What we need is to redesign, not only things like contracts, but also the institutions. There’s this “human people focus” and it’s interesting how cities implement that, in a moment of crisis. But the question is, how do you do it in normal times? And also: how does the nation at the higher level learn from that, but also give you the resources to do that proactively and not on the back of a napkin?

European funds are good news, as this is a complete U-turn in terms of the sort of response that has been given in Europe since the financial crisis of 2008. I’m optimistic because these funds represent a change in vision

ADA COLAU | I suppose we can situate some of these elements and think about future scenarios if we consider the Next Generation funds and their relationship to the ecological transition. For me, the European funds are good news, as this is a complete U-turn in terms of the sort of response that has been given in Europe since the financial crisis of 2008. I’m optimistic because these funds represent a change in vision. In Spain, that I know of first-hand, though undoubtedly in other places too, the problem is, there’s a tendency towards going back to acting through inertia. The state, for example, distributes the funds between its ministries so that everyone is happy. Objectives and missions aren’t designed, but funds are distributed according to this departmental perspective. 

On the other hand, as the state is bureaucratically incapable of delivering, it transfers huge allocations to large private entities, such as the great automobile industry. It’s clear that this sector needs to be revolutionized: it provides thousands of jobs and has to offer sustainable mobility and electric vehicles. But the European funds’ flagship measure cannot be to pay for the transition of any private automobile company. This is not and cannot be the spirit of European funds.

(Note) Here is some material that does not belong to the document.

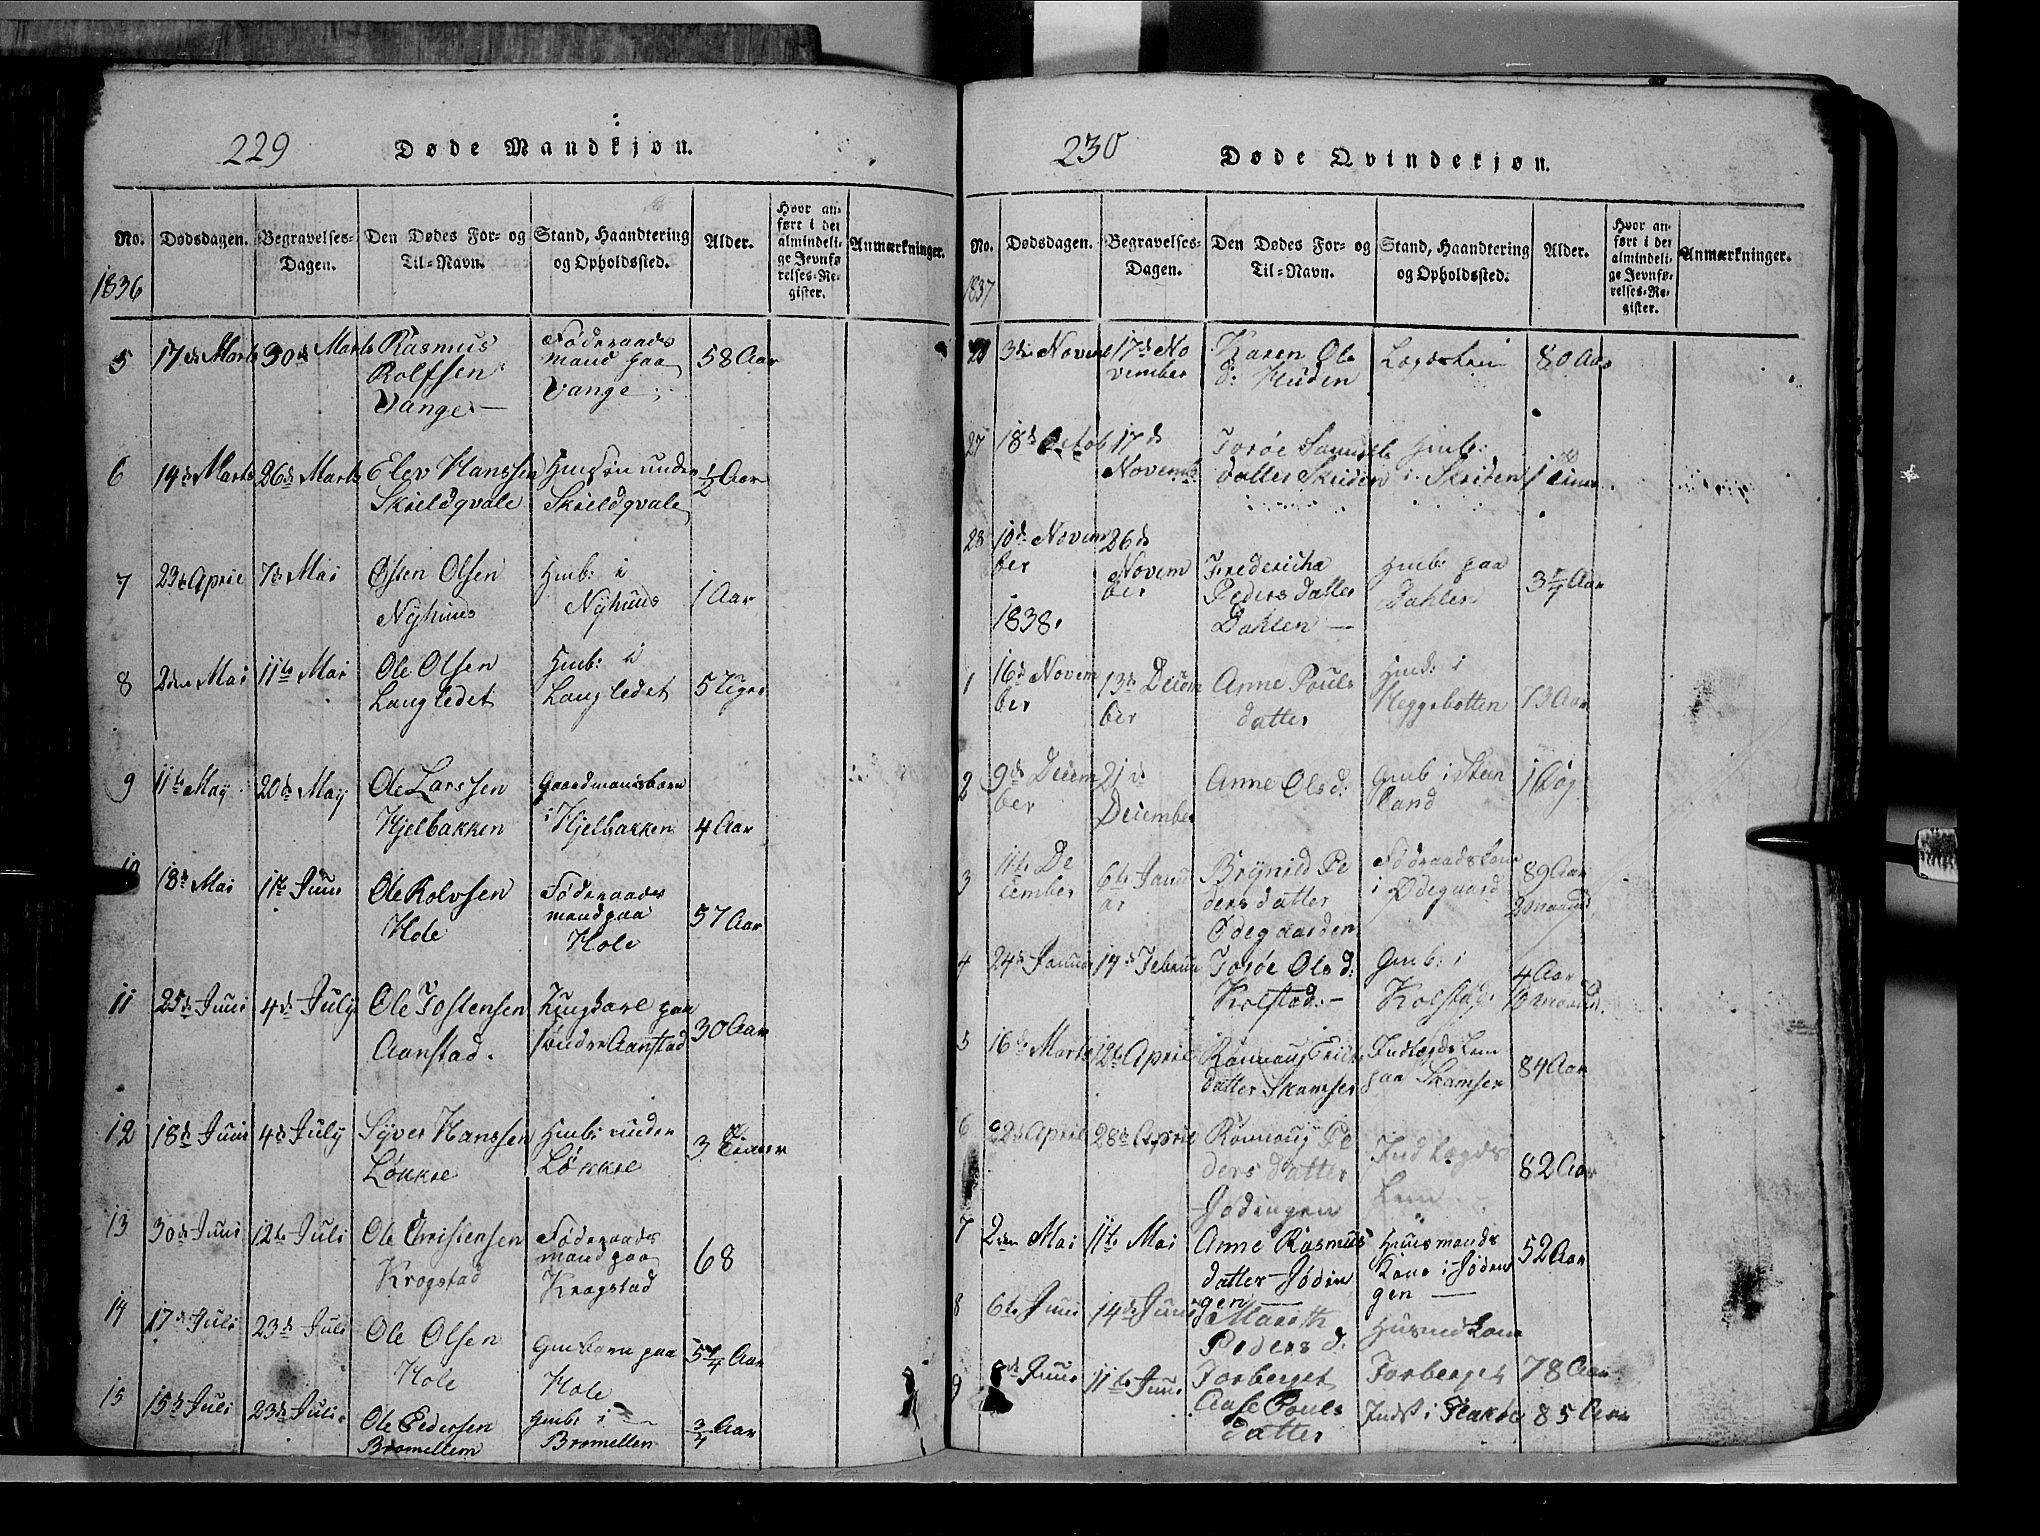 SAH, Lom prestekontor, L/L0003: Klokkerbok nr. 3, 1815-1844, s. 229-230

MARIANA MAZZUCATO | Yes, and that’s why the mission’s perspective has to be strong, because the point isn’t to design a siloed mission. To go to the Moon was not just aerospace, it was nutrition, electronics, materials, and software. So, any one of these missions, beneath the two big climate and digital missions, have to be cross-sectoral by definition, but that needs to be designed into the system. Otherwise, what’s happening? You’re absolutely right, it becomes a departmental mission where everyone gets their little chunk of money and you kill not only the ambition, but interestingly, the multiplier effect. The reason the moon landing created a lot of money in the economy is that, by being cross-sectoral, it created lots of innovation that wouldn’t have happened otherwise. So, for every dollar of government money, it created like $10 of revenue, because it stimulated innovation and investment that wouldn’t have happened otherwise. The worst you can do with public money is simply to put it into things that would have happened anyway. You need to put money into catalysts. That has a multiplicative effect. It makes investment happen across many different actors that wouldn’t have happened otherwise. And to do that, investment needs to be bold, inspirational, cross-sectoral, and cross-departmental. But if you don’t have a vision or a mission, you’re lost. So that’s when it becomes a wasted opportunity to take the next step.